··· Material provided
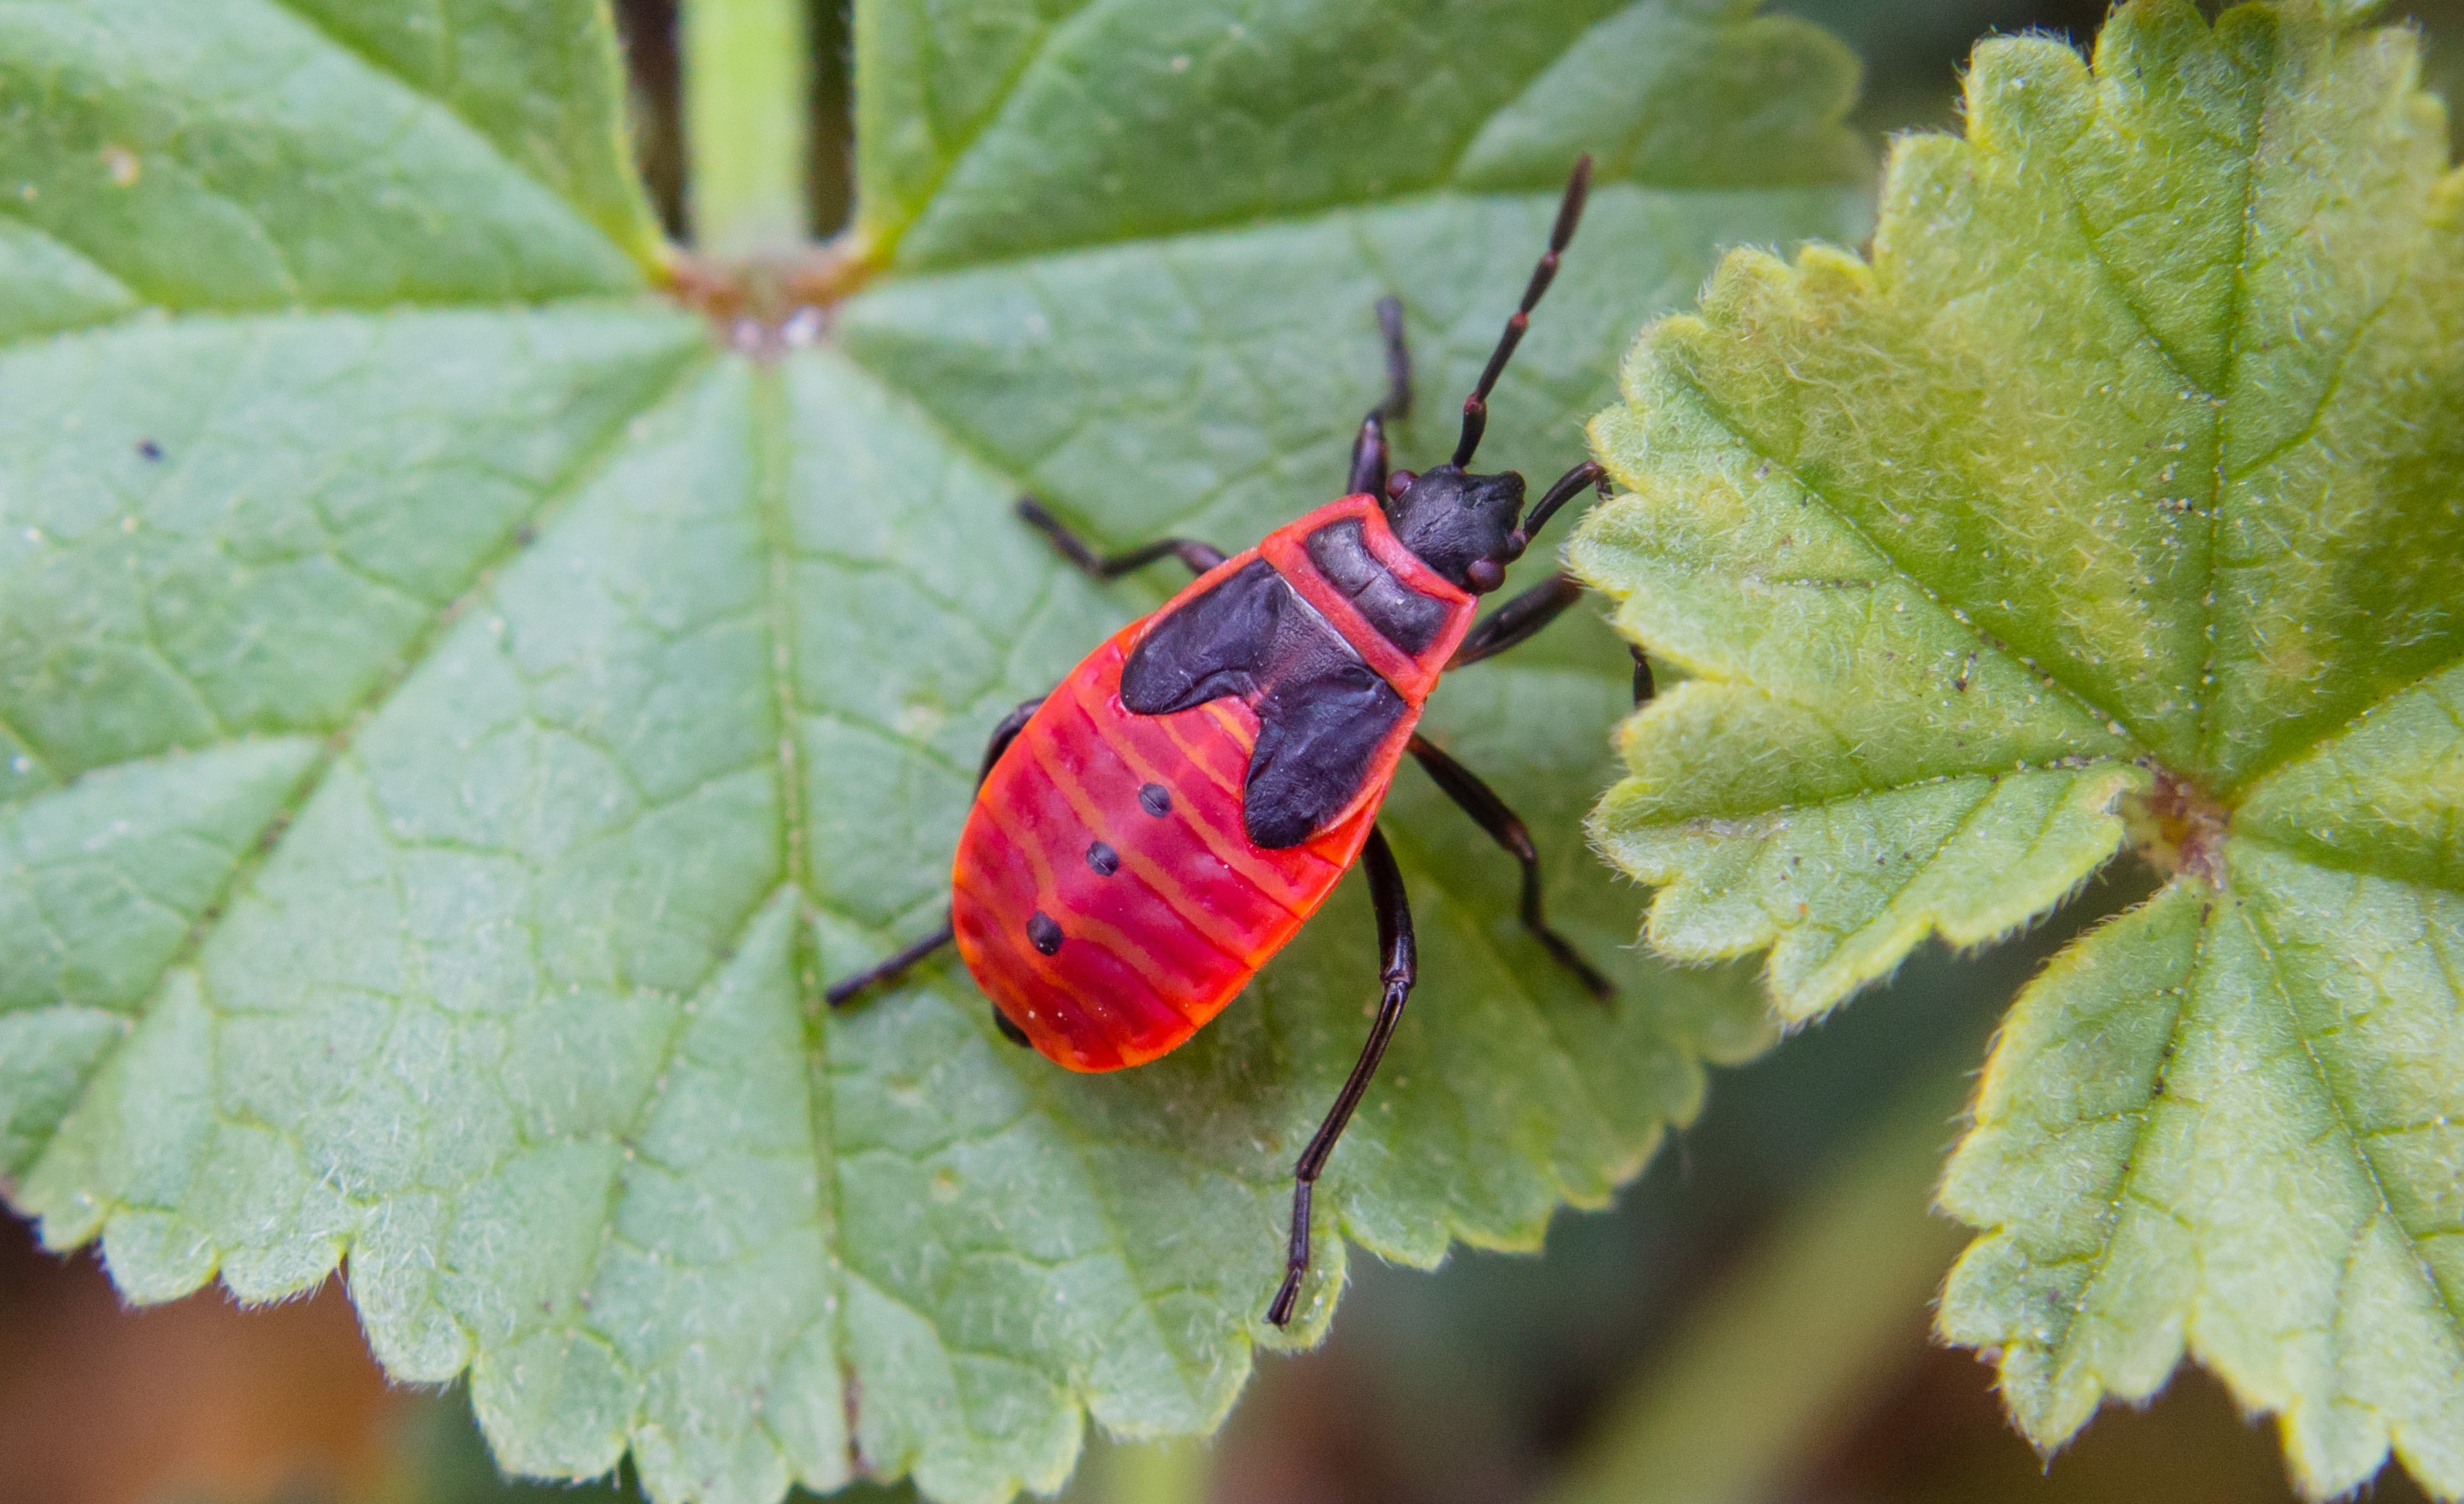 Fig. 2. Red firebug nymph near adulthood.
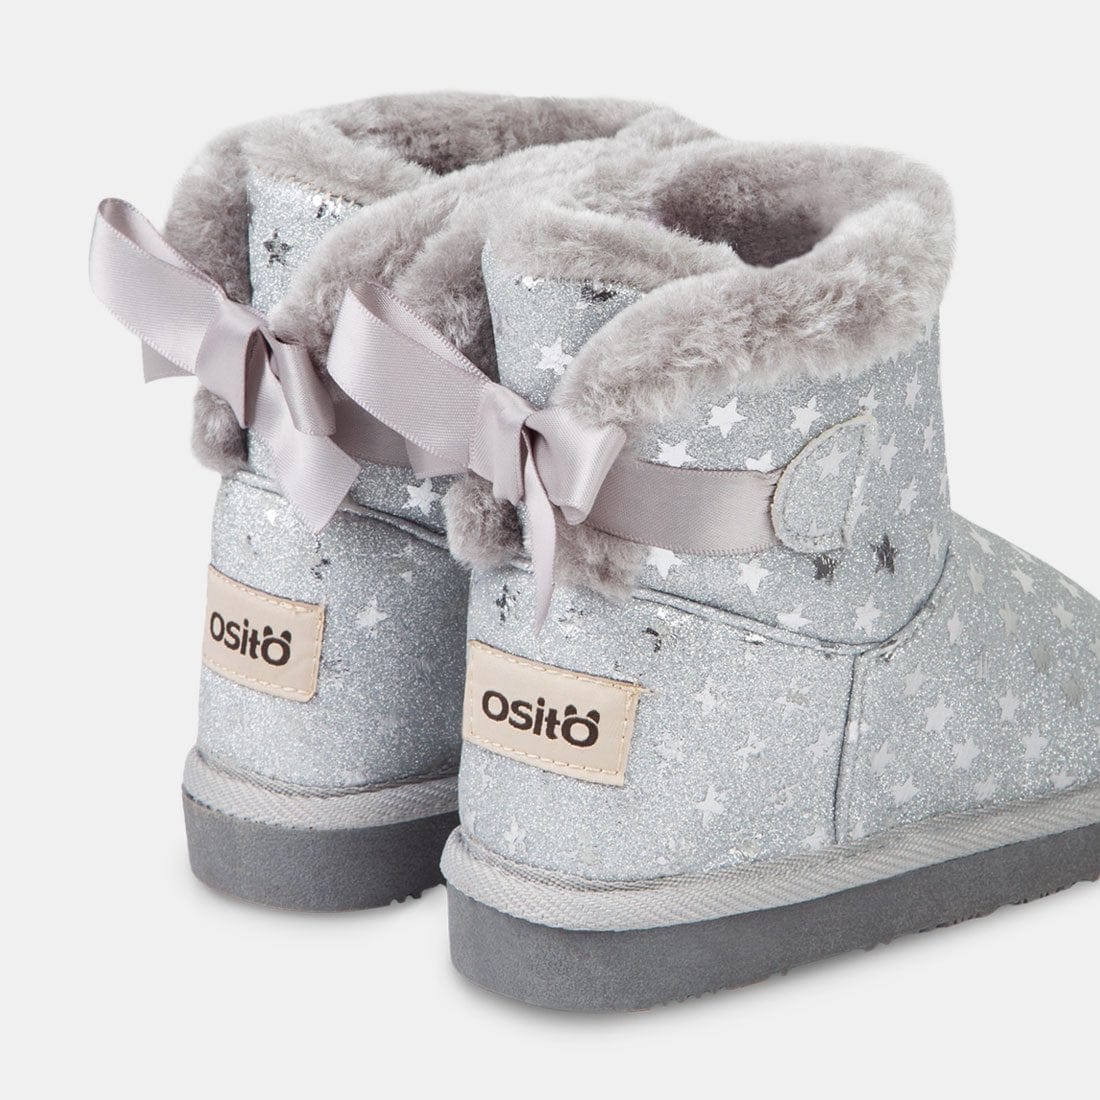 OSITO Shoes Botas Australianas de Bebé Glitter Estrellas Plata
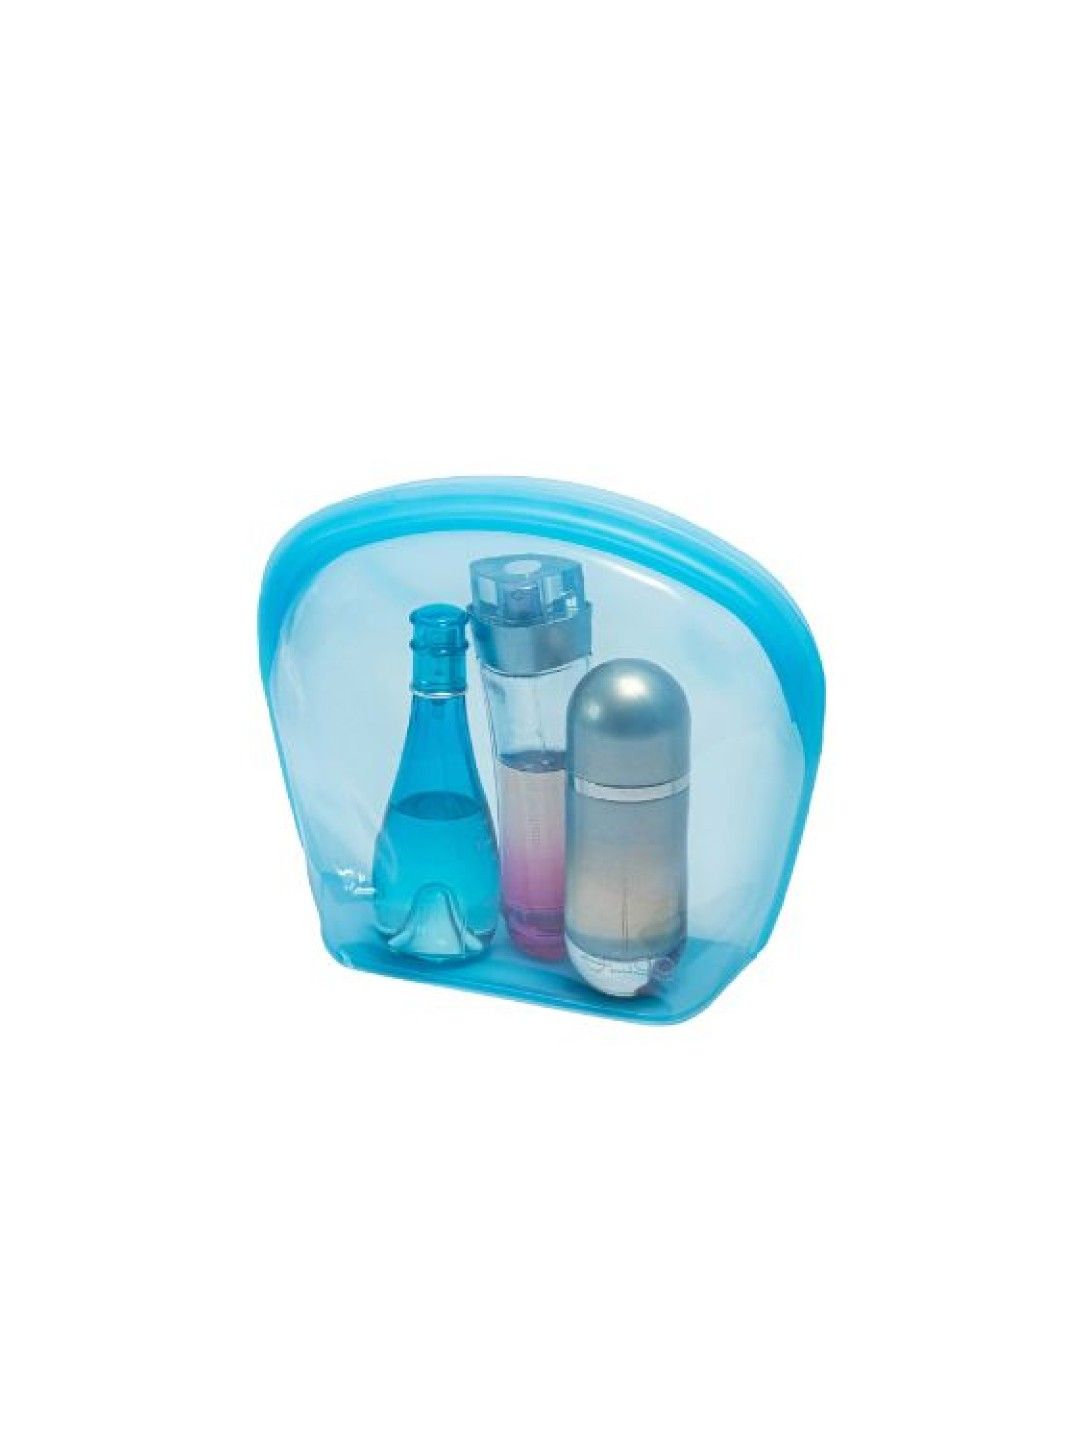 Fibo Bottles Multipurpose Silicone Pouch (2000ml) (Blue- Image 1)
······
What you have to do - Word for word, repeat the lines of data above, omitting every picture.

Result -
 Fig. 2. Red firebug nymph near adulthood.
 OSITO Shoes Botas Australianas de Bebé Glitter Estrellas Plata
 Fibo Bottles Multipurpose Silicone Pouch (2000ml) (Blue- Image 1)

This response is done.